Worst Companies to Work For, Part All

Published 15 July 07 07:07 AM | Earl Beede

Steve McConnell (my boss) is bragging about his company since it got voted the best small company to work for in Washington State. He is so proud that he needs to do the bragging in three parts!

I have to admit, it is a pretty nice place to work. Did he mention the free beer? Anyplace that has free beer is a great place to work by definition. Not to mention that I am writing this in my private office while wearing shorts and listing to the blues. Unless, of course, I get too distracted by trying to decided how to spend my many weeks of paid time off. (I am thinking August is no longer good for me.)

Now that I have you all jealous, of course Construx is a great place to work. There are only sixteen of us and we are all contributing professionals. I think you can do things as a small, flexible company that you just can't do other places. What may be more interesting are the common things that make a company a worst company to work for. Not the weird things done by a psychologically disturbed pointy haired boss but the irritating things that happen day in and day out that can make a place a living hell.

Here is my short list:

  • Bodily noises from the people who work around you that are better left to the pages of Mad magazine
  • Food or drink at a work station that has been there since the disco age
  • Print jobs that a) use the last of the paper or b) jam the machine and were launched by a person who just went on a three week vacation
  • Anybody who works around you whose teenage children have more ethical lapses than a presidential administration
  • Any client or manager who begins a request with the phrase, "It is just a ..."
  • The rattle made by the air vent in the ceiling in which you have already stuffed 37 post-it notes
  • Application dialogs that tell you that the system has crashed/needs to be restarted and then asks if it is "OK"
  • Meetings scheduled for the end of the day because that is, "the only time everyone is available" -- because we want to go home!

Anything else?

Comments

# Maksym Shostak said on July 22, 2007 12:49 PM:

When I was learning at Military Institute there was Colonel MykolaGornin. Colonel GorninWe (cadets) have been drilled by him very hard. Often, hisindignation was:"When a cadet gets a command, he tries not to perform the best as hecan, but to get rid of it in "anyhow" way"!I understood him when I was final-year student.But cadets were doing in the "wrong way" because often there (in thearmy) was approach like "dig from this tree until the dinner" :-)I meet such approaches in civil life too.
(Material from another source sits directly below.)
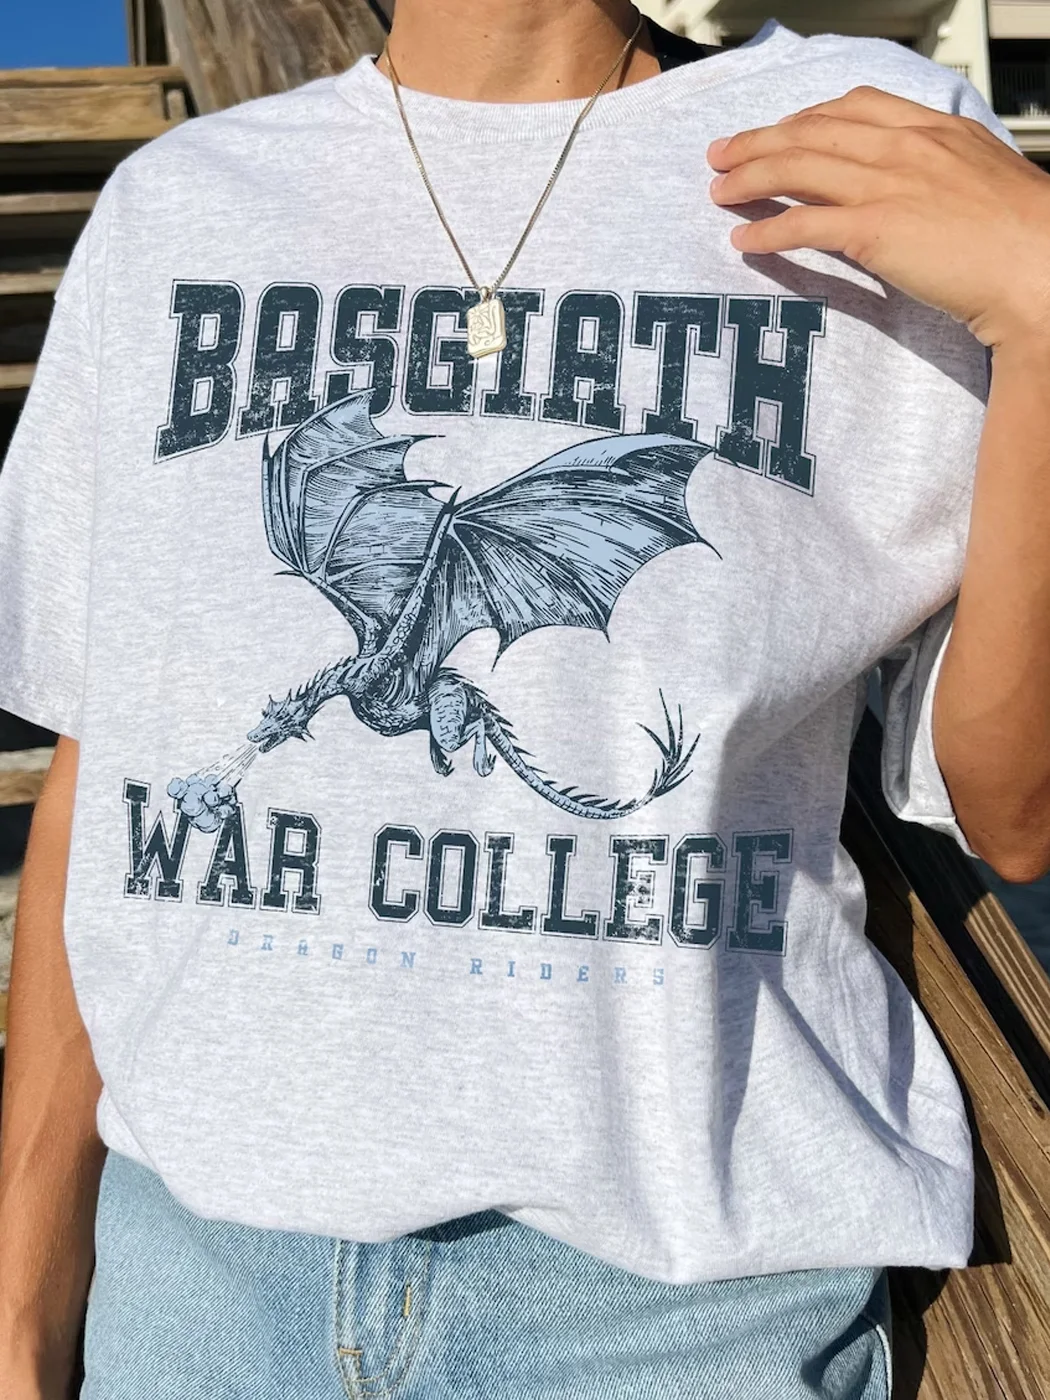 Basgiath War College Shirt / DarkAcademias /Darkacademias

# Maksym Shostak said on August 2, 2007 12:45 PM:

I'd like to add some items in your short list, Earl:

- your manager calls every your idea as nonsense, and they become approved by practice later (but he continues to act the same way);

- your manager does not know such terms as application architecture/design;

- you work at cubical office with 50 employees, sitting on uncomfortable chair;

- extra noisy repairing is going on the other side of the wall, or there are English studies;

- system administrators decides what programing tools you (developer) need to use, what version of MSDN...

That's life in outsourcing.

What do companies outsourced they software projects earn?..

# Jack Smith said on September 20, 2007 11:28 PM:

DCM a call center based in Brooklyn and Manhattan is one of the worse places to work.

The salary is minimun wage, the commision structue is based on a "wim".

The managment staff walk around looking like zombies.

The head manager treats the adults like children

constantly screaming things like sit down, get up, stop talking, move you seat, don't ask for help from a co-worker.

It is an awful place to work.

There is not recognirion for being productive and reaching the sales goal.

The senior manager only gets worried at the end of the week becuase if the goal isn't met there are no bonuses for management.

Therefore, managment then breaks all rules, in order to get to goal forcing representives to switch from one campaign or another. They offer $1.00 bonuses for anyone during the first hour who sells $300-$600

in subsciptions.

If ever there was a hostile work enviorment DCM is it!